### WHAT YOU HAVE TO DO
Write out the data below exactly as given, without any of its pictures.

═════ DATA

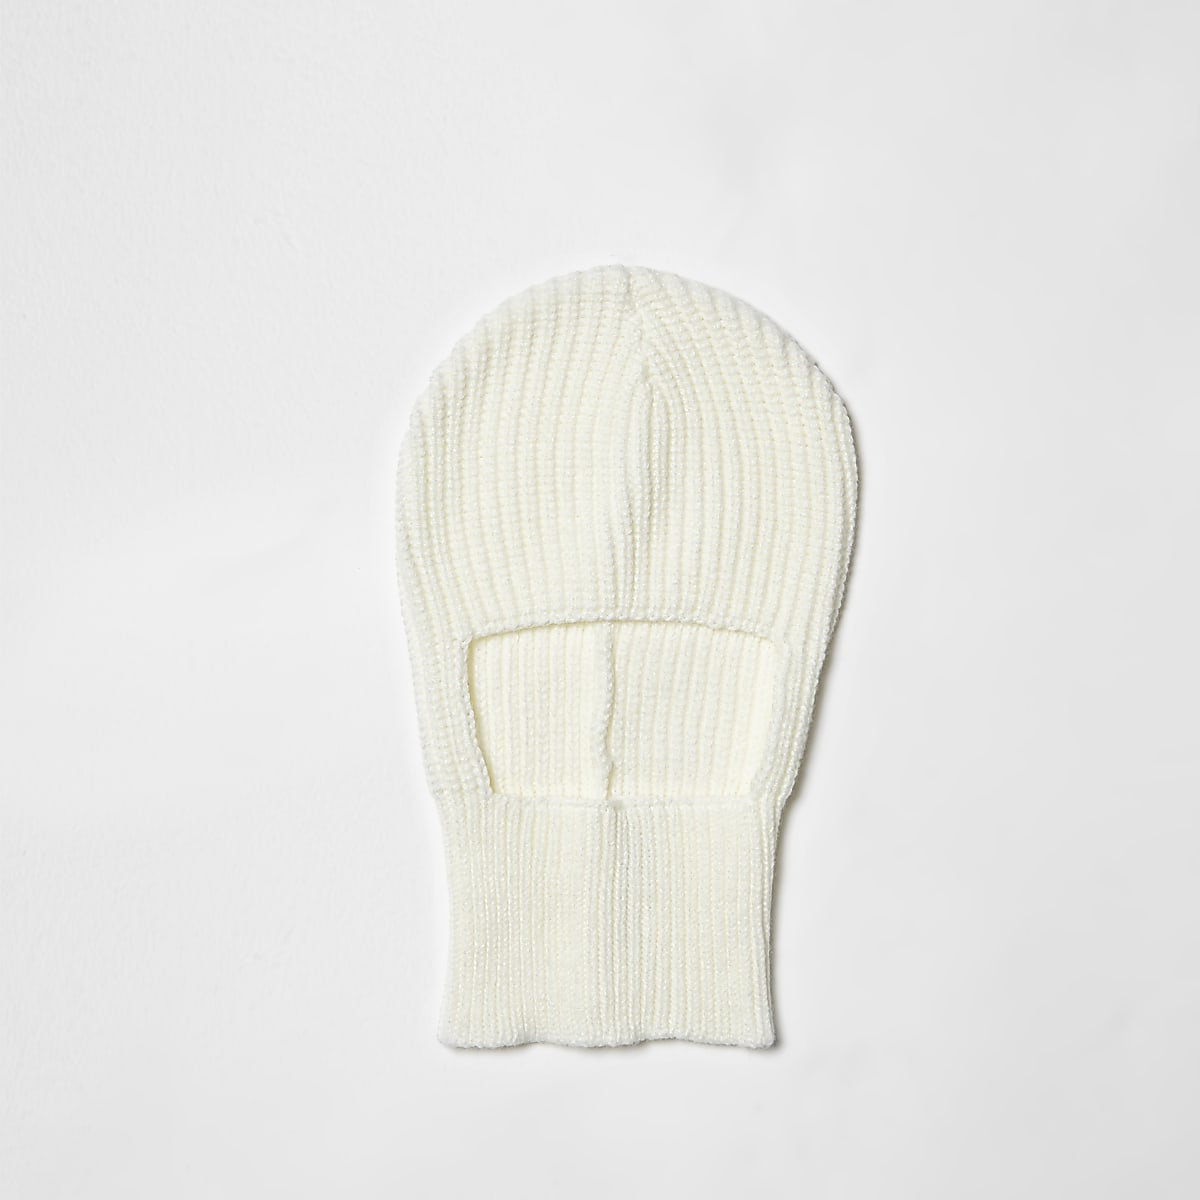 Cream rib knit balaclava
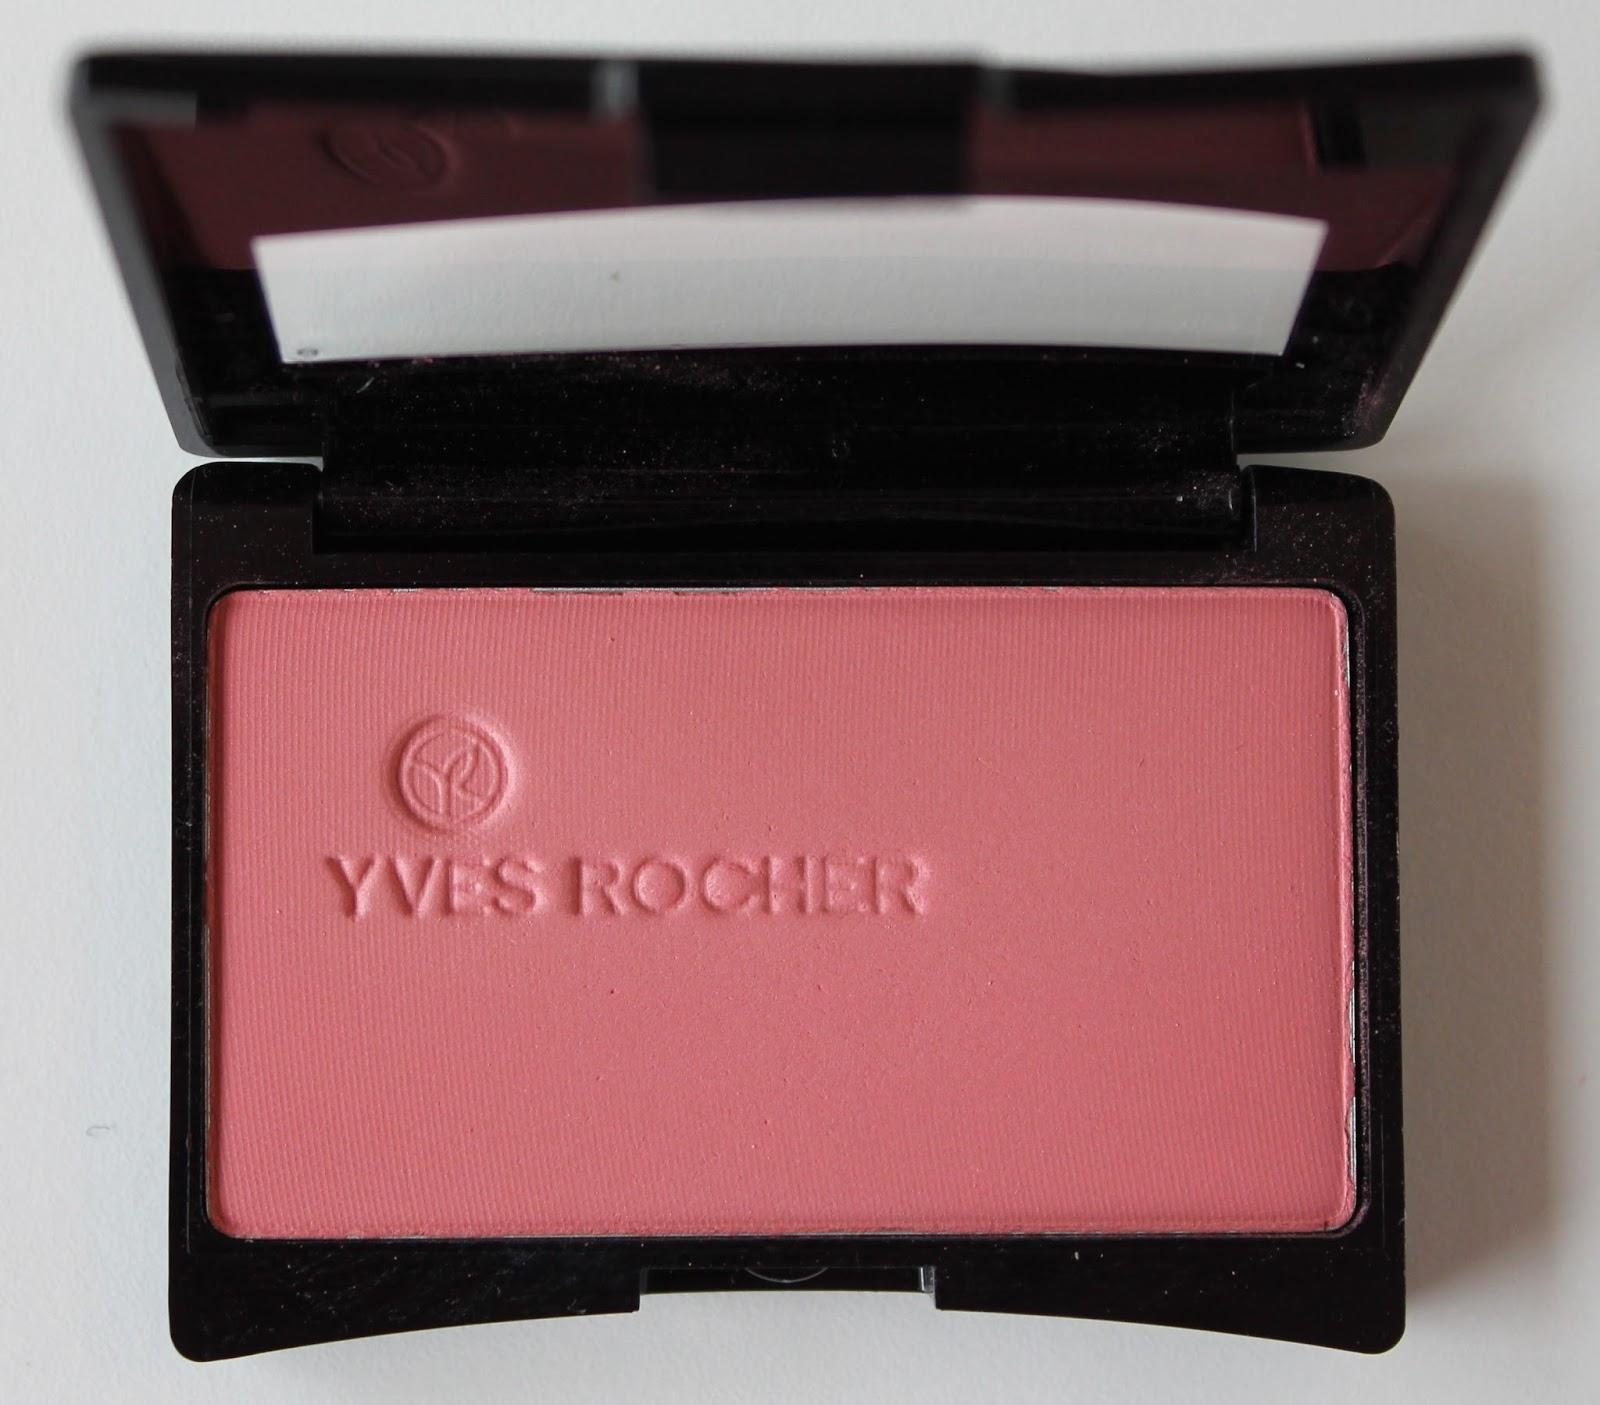 Blush 221 Teint médium abricoté Yves Rocher
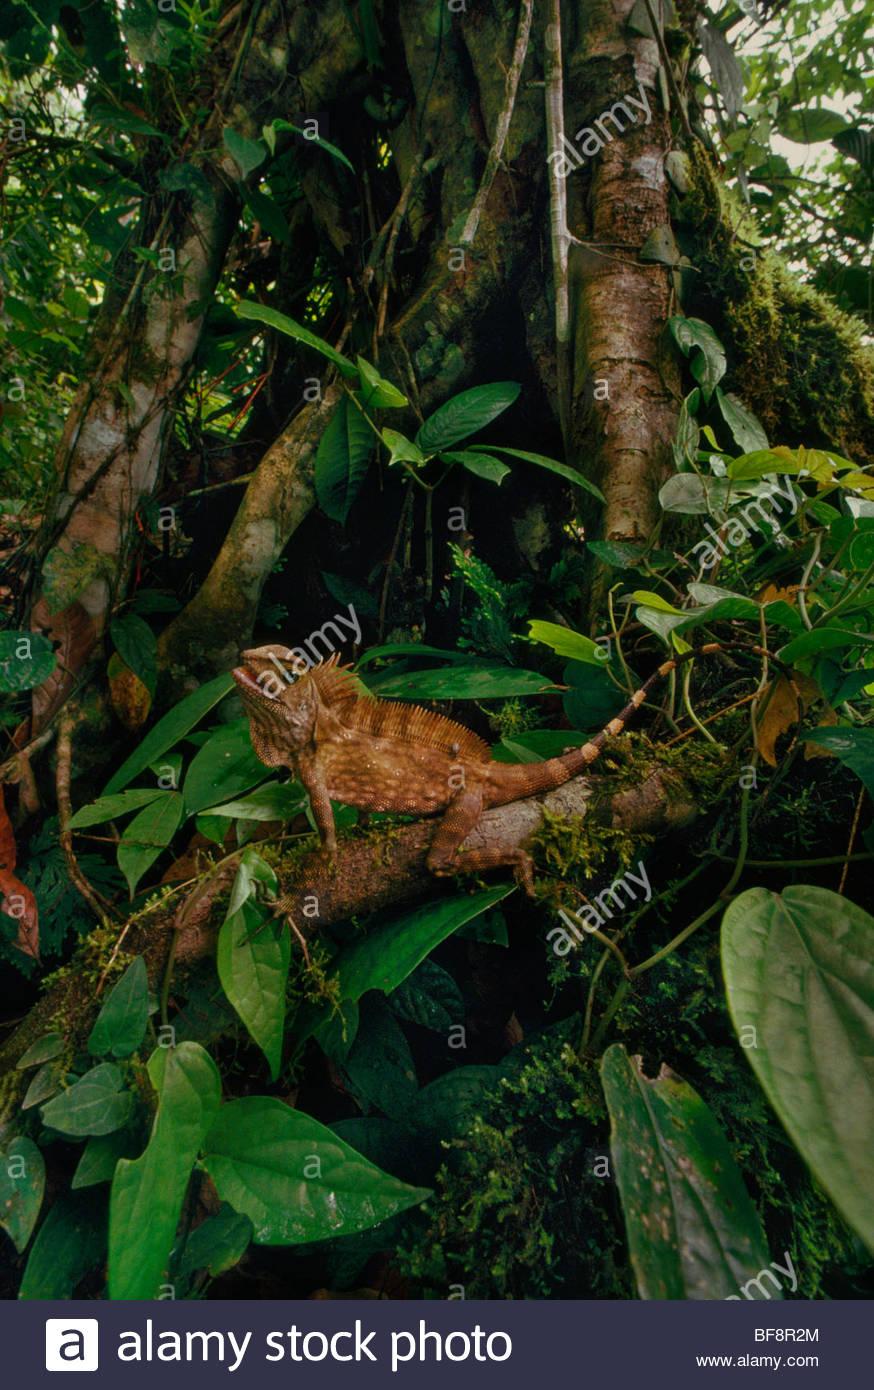 Bornean crested lizard, Gonocephalus grandis, Sabah, Borneo - Stock Image
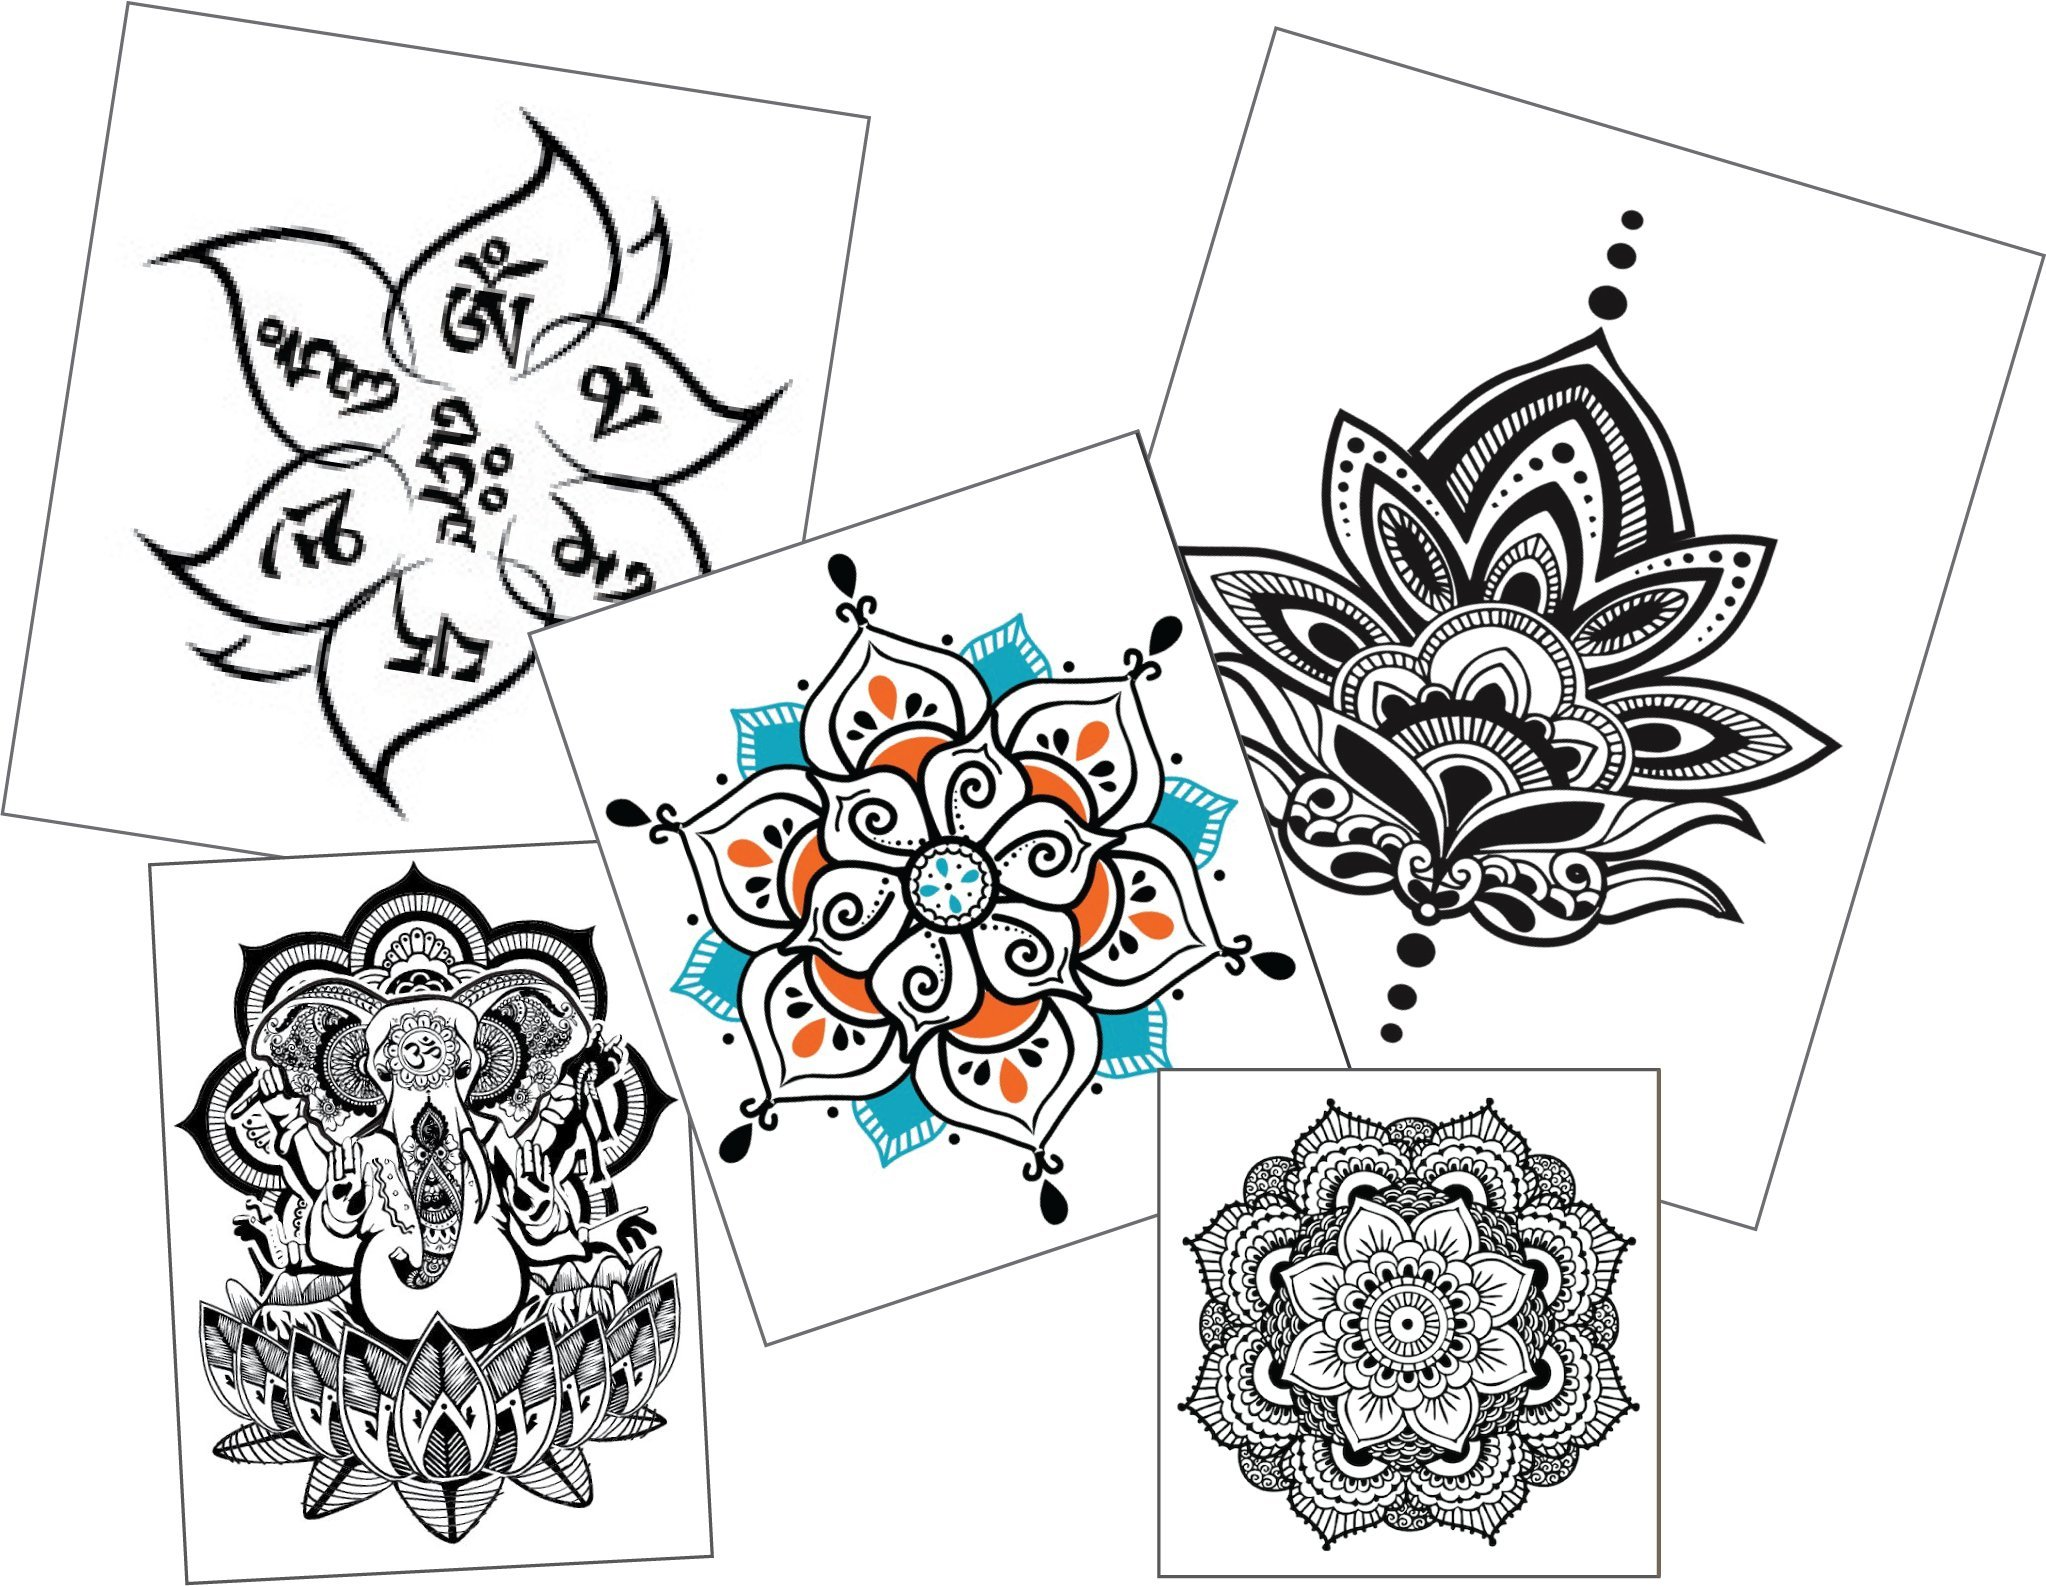 Cheap lotus mandala tattoo meaning find lotus mandala tattoo get quotations large mandala temporary tattoo set body art yoga accessory birthday party gift izmirmasajfo

══════════

### SOLUTION
 Cream rib knit balaclava
 Blush 221 Teint médium abricoté Yves Rocher
 Bornean crested lizard, Gonocephalus grandis, Sabah, Borneo - Stock Image
 Cheap lotus mandala tattoo meaning find lotus mandala tattoo get quotations large mandala temporary tattoo set body art yoga accessory birthday party gift izmirmasajfo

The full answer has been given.